The sustainability evaluation delivered interesting results, in terms of a broader perspective (beyond exergy assessment). The results described in Table 6 and Table 7 indicate an overall better performance of the pyrolysis process than gasification. This difference is more significant in the energy and exergy areas than the other ones, with higher performances from the pyrolysis process. Figure 5 displays a radial chart with percent score results for each indicator, to better illustrate these results.

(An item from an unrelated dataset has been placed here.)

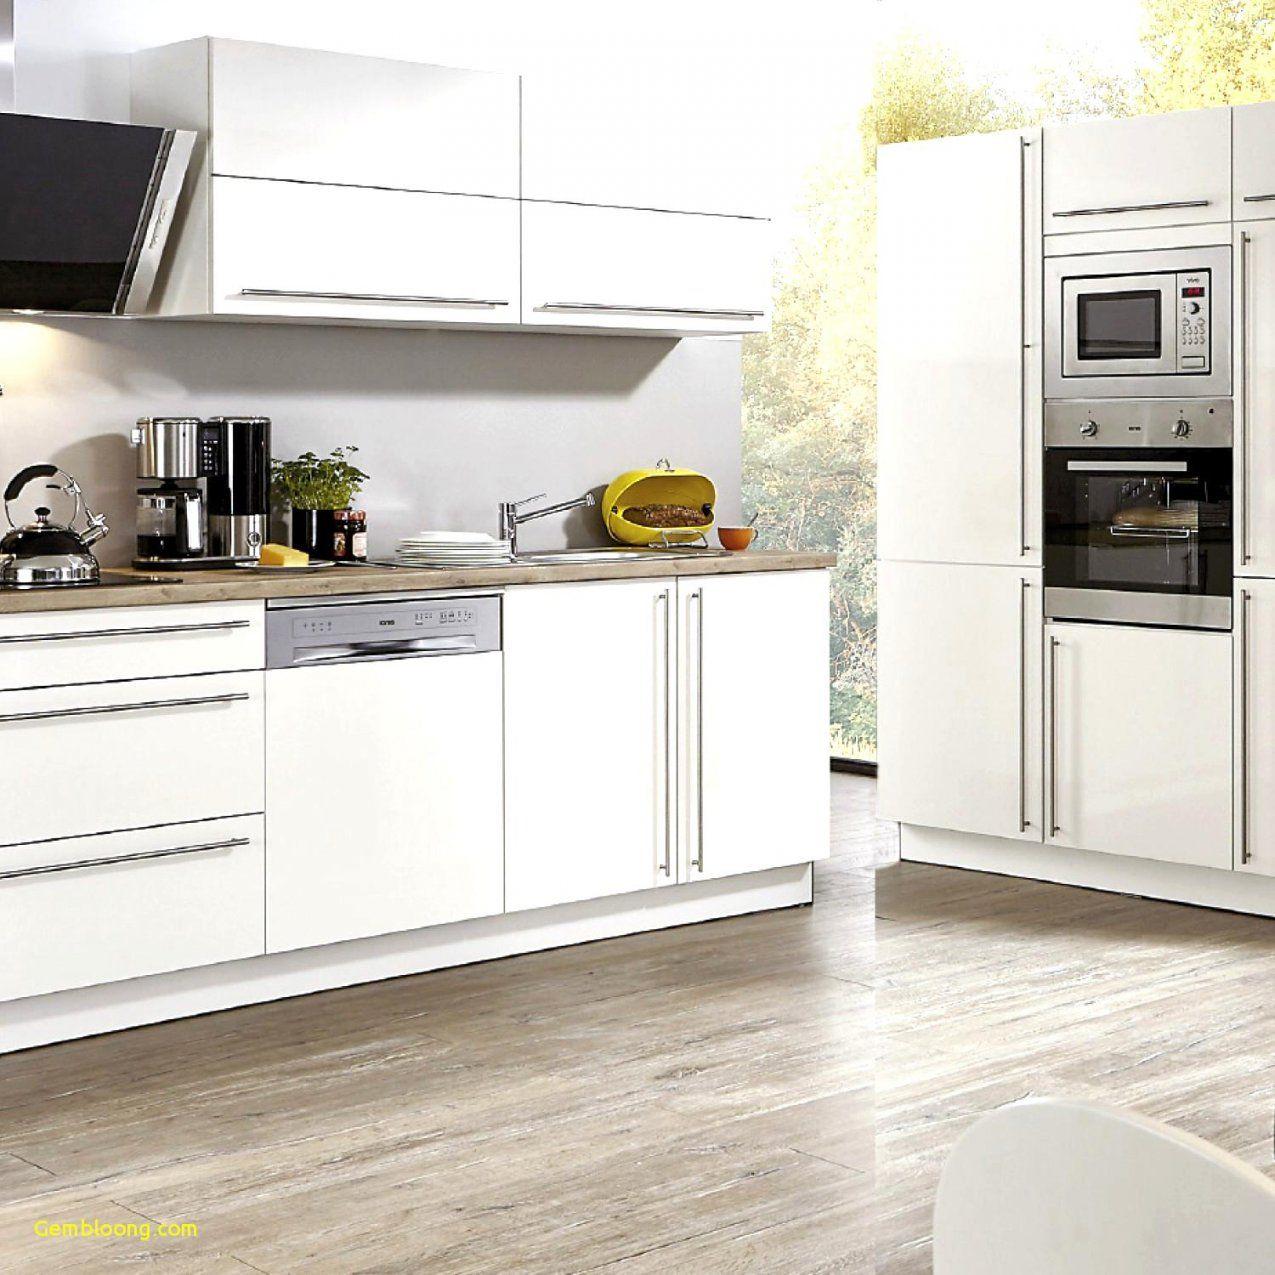 Bank Selber Bauen Küche Möbel Aus Paletten Bauen Anleitung Avec

Globally, there is a parity in terms of renewability and global warming potential quantitative values. This is an expected result, since the nature of these processes is similar, and they use bio-based feedstock (second-generation). Consequently, very high percent scores for the renewability material index were obtained in both cases. Conversely, this is not the case for the energy and exergy efficiency indexes. The results reflected that the gasification process requires significant improvements to reach higher efficiencies that make this process more sustainable. An important fact is that more energy is consumed in the process than is obtained in the product. This is a clear sign that the process is not efficient enough to generate cleaner energy. From these outcomes, the need to include optimization strategies that might lead to a better performance of these technologies is evident. The addition of a water regeneration system and using internal heat streams to meet energy requirements are suitable alternatives to accomplish that goal.

5. Conclusions

This study presents a comprehensive process simulation, exergy analysis, and indicator-based sustainability evaluation to compare pyrolysis and gasification processes, to produce second-generation biofuels. This approach lets energetic and efficient-based hotspots and improvement breaks, from a thermodynamic and sustainability perspective, to be identified. The framework combined feedstock selection, process simulation, exergy analysis, and sustainability assessment to support decision making, research, and development progress, to advance the TRLs of these technologies. This approach was proposed as a straightforward tool for researchers to first screen technologies at early design stages, allowing optimization at low maturity phases. The results revealed that the gasification process is thermodynamically more inefficient than pyrolysis, with a resource exergy efficiency of 3%. Energy consumption and utility requirements seem to be significant drawbacks of the gasification process to reach high exergetic efficiencies. The pyrolysis process delivers a product with a higher energy content than is consumed during its processing, with an efficiency of 110.6%. The sustainability evaluation confirms the results given by the exergy assessment, indicating pyrolysis as a more attractive alternative. However, there is still potential in the gasification process, which can reach higher efficiency levels with some improvements. The ways forward to improve this process might involve using process optimization strategies or developing technological improvements. Regarding the pyrolysis process, even though the simulated setting is more refined than gasification, some improvements are still needed to make this process energy friendly. Future works might include intensification strategies and integration methods, such as heat, mass, or property integration, to achieve the most suitable topologies, in terms of energy and global sustainability.